— Не надо меня вот только во всем обвинять, хорошо? — резче, чем нужно было, отбрила я. — И вас, при всем моем уважении, наши дела с Митькой не касаются.
— Как это не касаются? — начала заводиться женщина, с каждым словом повышая голос. — Это мой сын, вообще-то! Если нечего возразить — молчала бы тогда лучше. Я и тогда тебе говорила, и сейчас повторю если до тебя так туго доходит! Против тебя лично, я — ничего не имею. Но с Митькой вы не пара были. И ничего у вас бы не вышло!
— А "непарой" мы стали, когда вы узнали, что у меня детей быть не может? — едко переспросила я, тоже не в состоянии успокоиться и взять себя в руки. Вот чувствовала я, не зря его мать притащилась сегодня. Мне и так тяжело постоянно в таком аду жить, а она приехала еще на мозги покапать. В чем, к моей досаде, преуспела.
— Не перекладывай с больной головы на здоровую! — прикрикнула на меня Зоя, гневно поднимаясь с табуретки и упирая руки в бока. — Я ни в чем не виновата, ясно тебе? Я к вам никогда не лезла и не мешала!
— Да вы все сделали, чтобы мы с ним разругались! Скажете нет? Вы думаете, я слепая совсем?
— Знаешь, Кать, — она глаза сузила, с головы до ног меня осматривая, а мне так противно и в то же время жутко под ее взглядом сделалось. А еще стыдно, сама не знаю почему, — я была о тебе лучшего мнения. Правда. Думала...да какая теперь разница, что я думала. Только вот, как бы ты меня ни обвиняла, виновата ты сама. И только ты. Сколько ты моего сына лет знаешь? Шесть? Семь?
— И что из этого? — огрызнулась я и еще противнее стало. Стою здесь, в тесной кухоньке, рычу как шавка какая-то. А рычат только те собаки, которую силу и правоту чувствуют, и им ничего не остается, только как бессильно скалиться.
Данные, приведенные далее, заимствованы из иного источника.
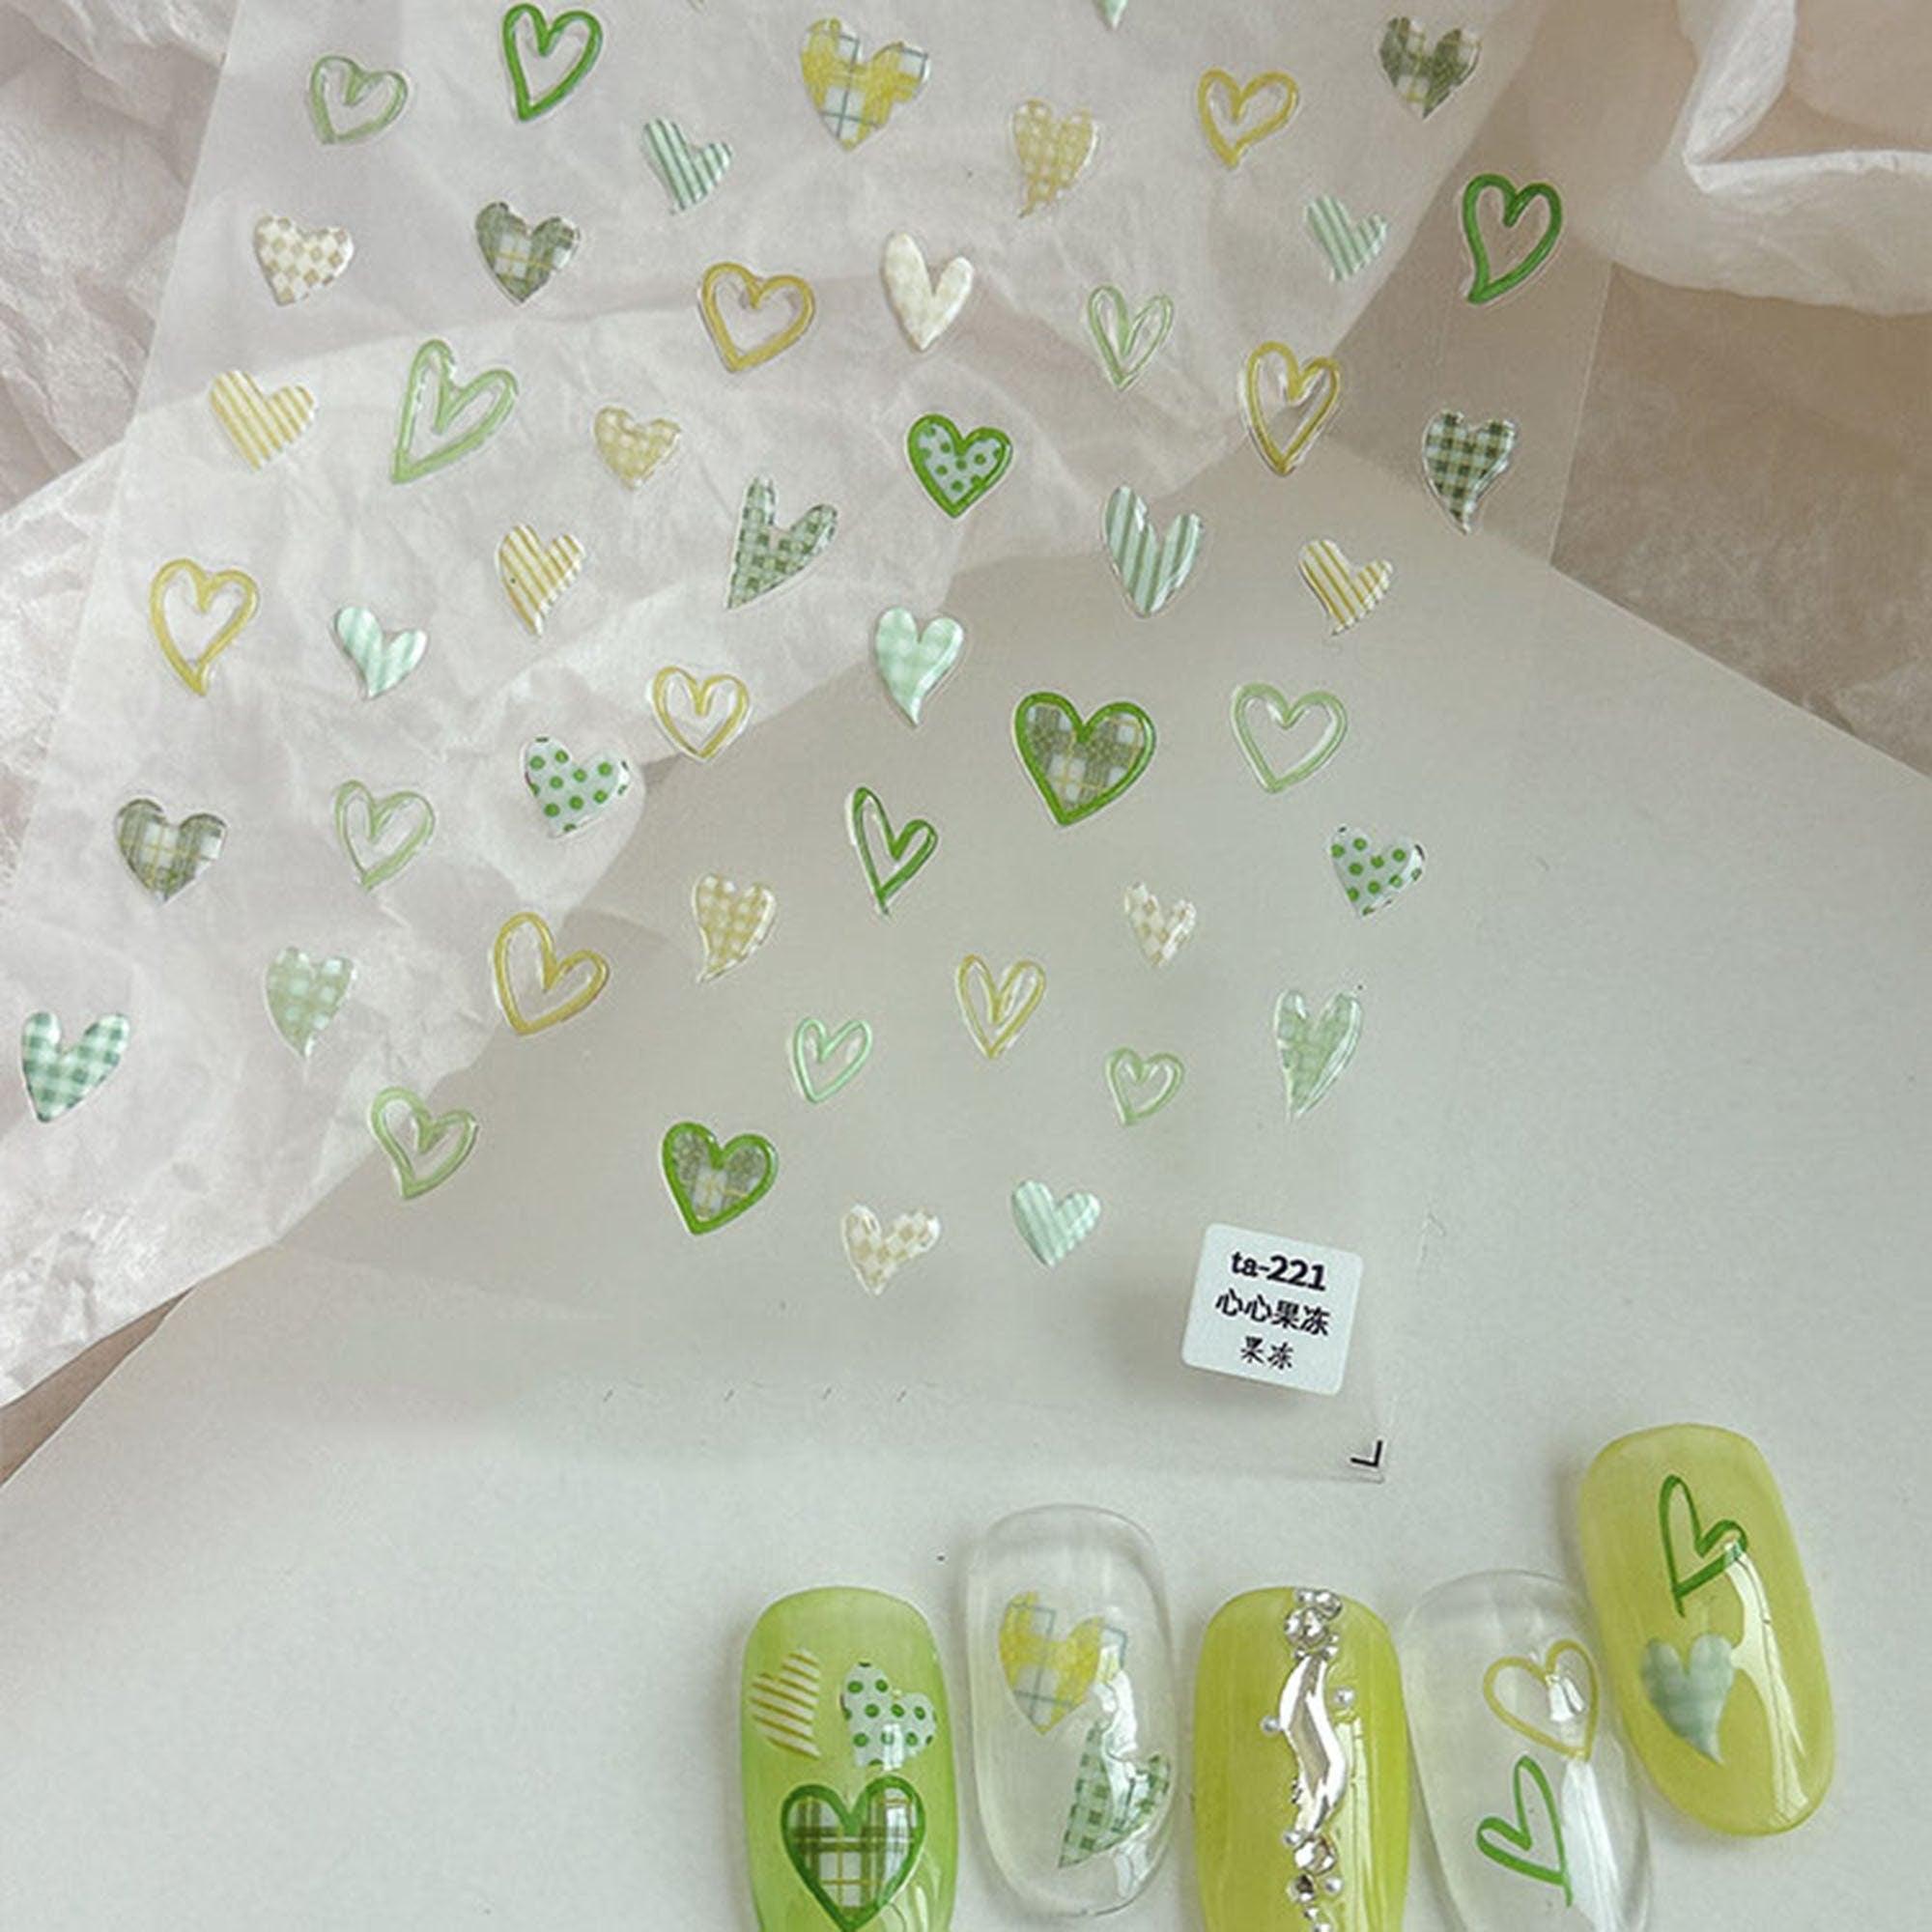 Heart Nail Stickers, Jelly Style Heart Nail Art, Heart Nail Decals, Kawaii Heart Nail Design, 3D Nail Stickers, DIY Nails - Miss Fairy Nails

— Он не такой человек, который просто развернется и уйдет. И ты этим всегда пользовалась. Все проблемы на него свои навешала, — я вздрогнула и даже дышать перестала, широко глаза раскрыв и уставившись на убежденно кивающую женщину. Она так это уверенно сказала, что сложно даже было усомниться в ее словах. И мне не по себе стало. Очень. — Я все понимаю, но разве он тебе должен что-то? Зачем ему все это, когда он спокойно жить может?
— Я не просила ни о чем, понятно?! — истерично взвилась я, почти подпрыгивая на месте. — И сына вашего я не держу. В любой момент пусть уходит, ради бога. И Кирилла я ему не навязываю! Никогда я ему ребенка не навязывала. Один раз попросила посидеть, пока я в магазин сбегаю, чтобы ему поесть приготовить?! Все! Кошмар! Я его чужого ребенка воспитывать заставляю!
— Катя...
Я со всей дури нож в раковину кинула, и неприятный стук металла по металлу по нервам бил. Плевать. Грудь под тонким джемпером поднималась и опадала. И столько всего внутри — и гнев, и боль, и ярость. А самое противное — чувствовала я себя обманутой. Как будто меня за нос водили или еще что-то, я не могла описать, но хотелось и наорать на Зою Павловну, которая все у меня разбередила в душе, и убежать подальше, потому что ее слова в цель били. И больно.
— Жить я ему мешаю?! — зло, с ненавистью прошипела я, а Зоя — уж не знаю, что она в моих глазах увидела, попятилась и губы брезгливо и в то же время с настороженностью поджала. — Прекрасно. Пусть катится! Только пусть сам придет и скажет все в лицо. Завалила я его своими проблемами! Надо же!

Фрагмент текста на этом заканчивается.